I'm having problems with my MW2, I have a NAT type: Strict issue. I put tried putting my PS3 into DMZ already, it reads the IP fine, but it has problems with the reading the DNS for some reason. Any suggestions?

I use this details

IP: 192.168.1.90
Subnetmask: 255.255.255.0
DR: 10.0.0.1
Primary DNS: 10.0.0.1
Secondary DNS: 10.0.0.1

i get DNS error 80710102


----------



## Jason09

Hi Chulo,
What is the make and model of both your modem and router?


----------



## Chulo

Modem is Westell and my router is a Netgear WGR614v9

I have NAT type 2 on my PS3, which means it should get Internet without any problems, but my Modern Warfare 2 game says "NAT type: Strict" for some reason.
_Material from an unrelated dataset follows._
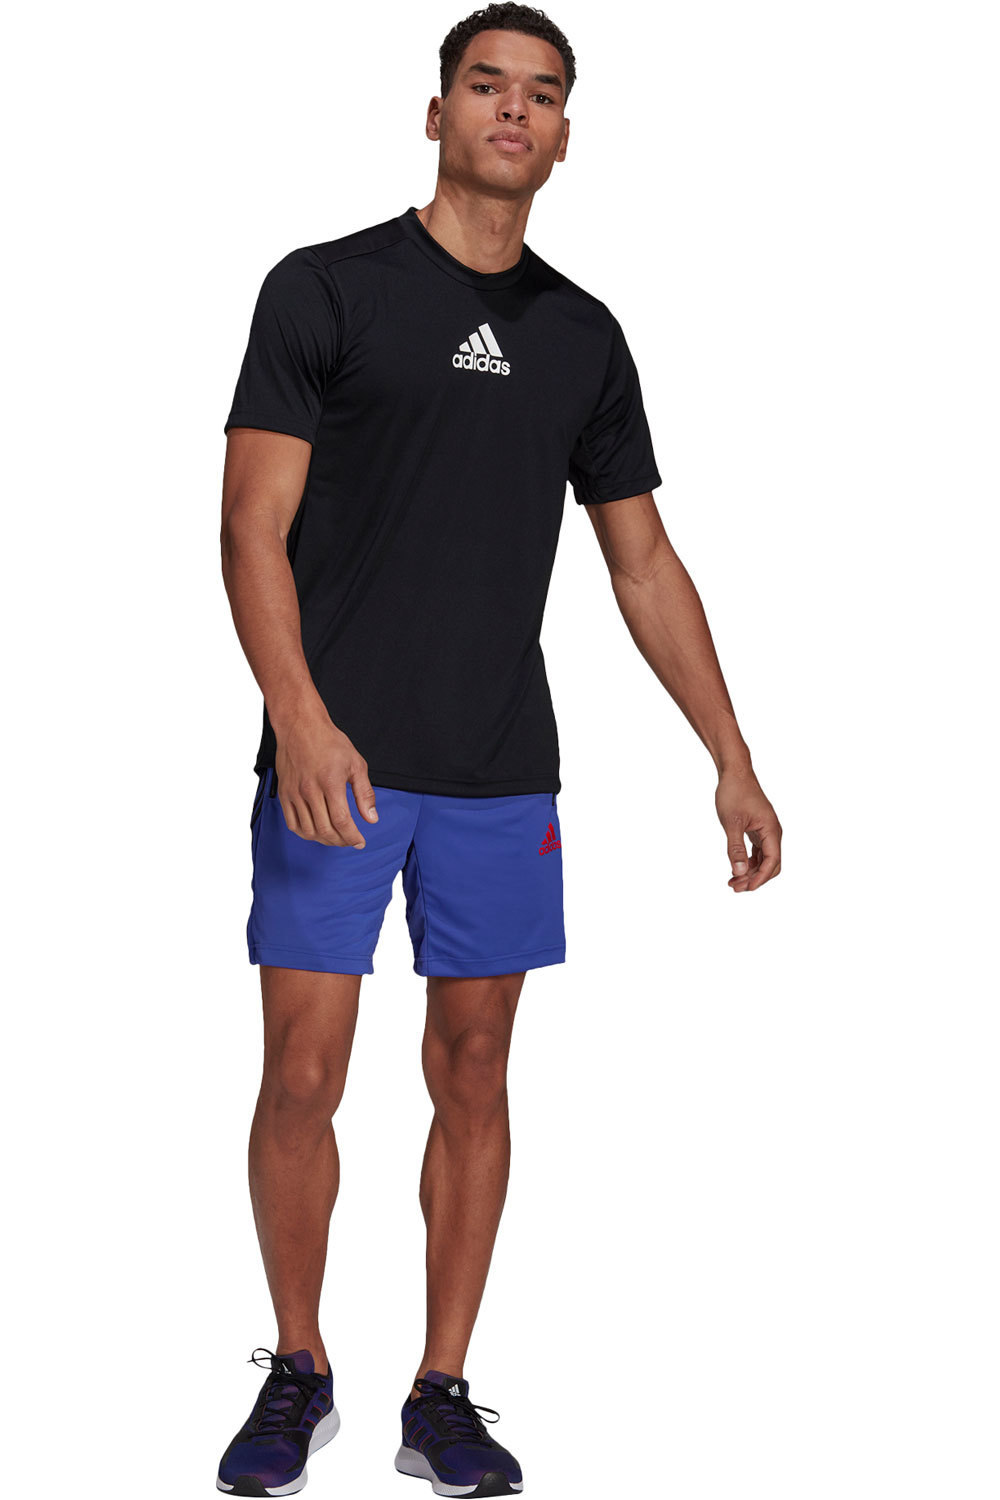 adidas camiseta fitness hombre Primeblue Designed To Move Sport 3 bandas 04
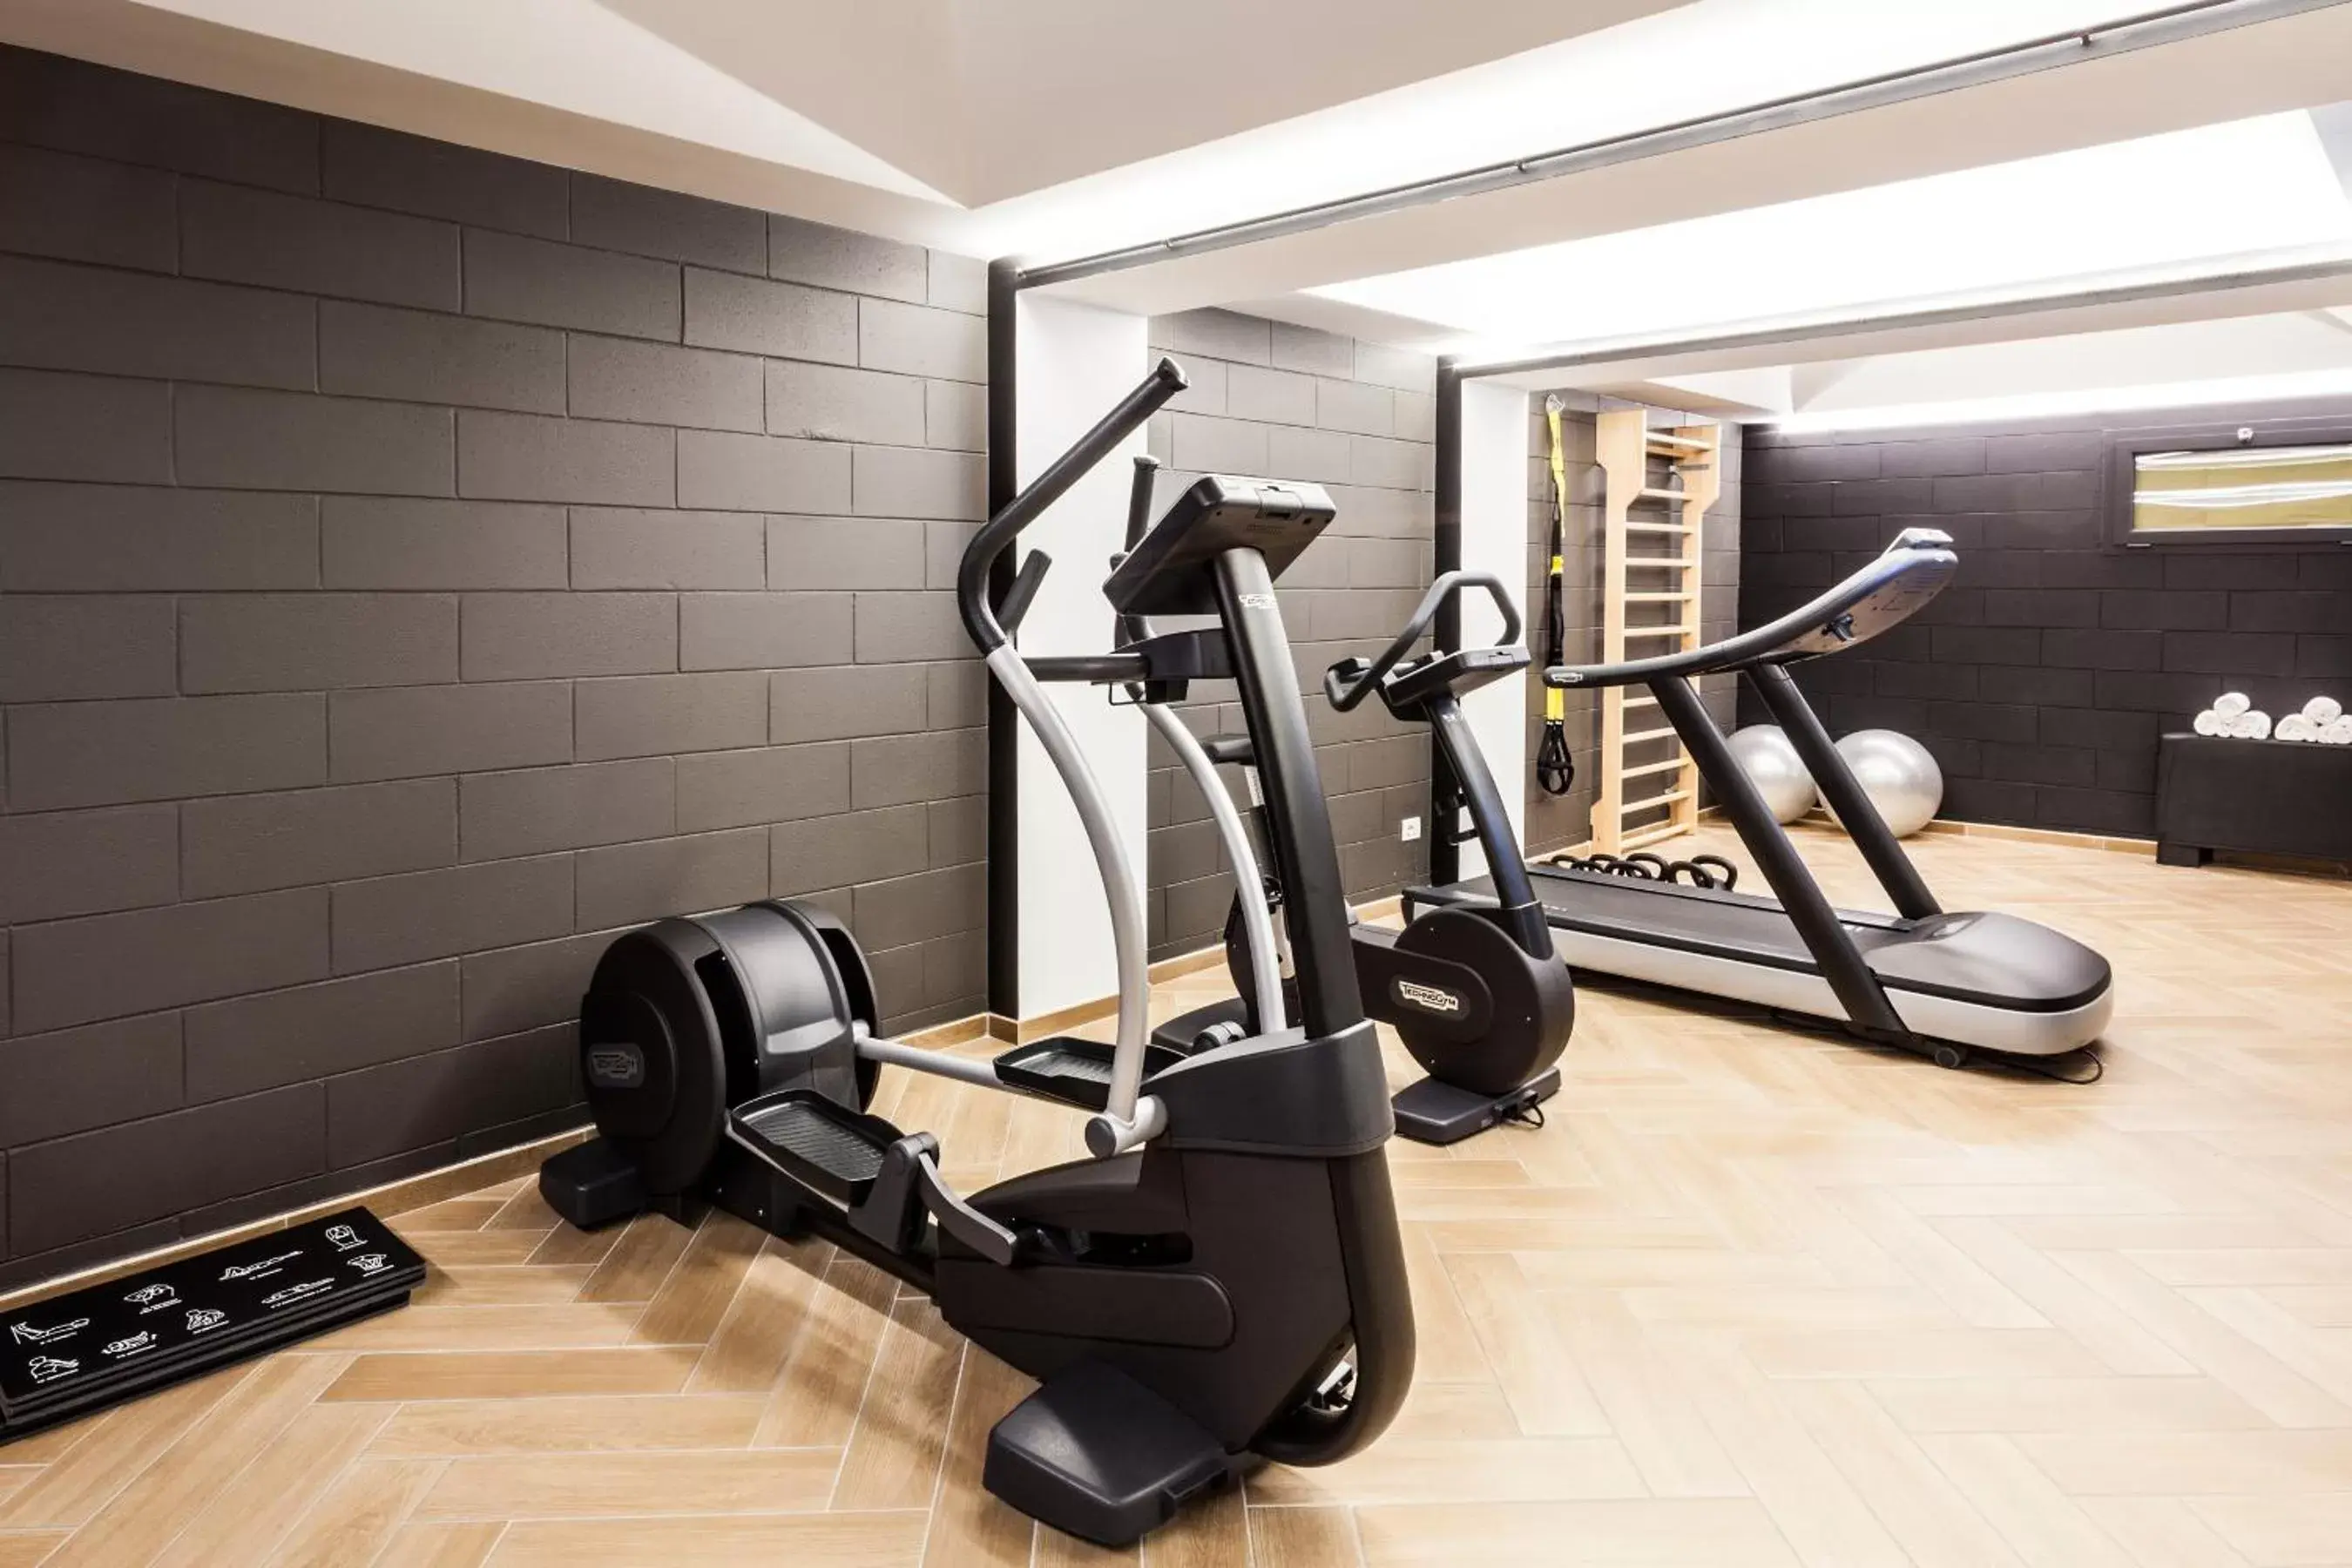 Fitness centre/facilities, Fitness Center/Facilities in Senato Hotel Milano

Edit: I tried to DMZ as well, but I always get a DNS error for some reason, and the PS3 uses 10.0.0.3 as the IP and DNS 10.0.0.1 as the DNS on the current connection I have problems with.


----------



## Jason09

Your Westell modem may also be functioning as a router, making it a modem/router combo. Can you post the exact model number of it?


----------



## Chulo

I honestly don't know what model it is, it says nothing about model on the back. I took some pictures of my Modem so I hope it helps;

http://i261.photobucket.com/albums/ii70/c4613/SDC11752.jpg

http://i261.photobucket.com/albums/ii70/c4613/SDC11756.jpg


----------



## Jason09

Go to the status page of the Netgear router, and take note of the WAN/Internet IP address that is listed. Then connect a computer directly to the Westell modem, and enter *192.168.1.254* in the web browser. You should be inside the modem, and you should see a virtual server or port forwarding page (it may be under the Advanced menu.) Instead of creating a static IP address and forwarding the ports to your computer's IP address, forward the ports using the Netgear's Internet IP address. The following ports need to be open: 
TCP port 80
TCP port 443
TCP port 5223
UDP port 3478-3479
UDP port 3658-3659

Then connect back to the Netgear router and forward the ports to your computer's IP address.


----------



## Chulo

I looked everywhere but I don't see an option for that. I know what it should look like but I think my Modem has no option for that. Here's a pic;

http://i261.photobucket.com/albums/ii70/c4613/modem.jpg

I don't know if I'm doing something wrong, I followed all your steps. Thanks for your help!


----------



## Jason09

Do you see a screen to open the ports under Remote Access? Also, is the Netgear's Internet IP address different from the IP address shown at www.whatismyip.com?


----------



## Chulo

Remote Access? Sorry I don't really know how to do the Remote Access thing I'm not really a Computer person, and yes I think the IPs are different.


----------



## Jason09

Can you post a screenshot of the Remote access page?


----------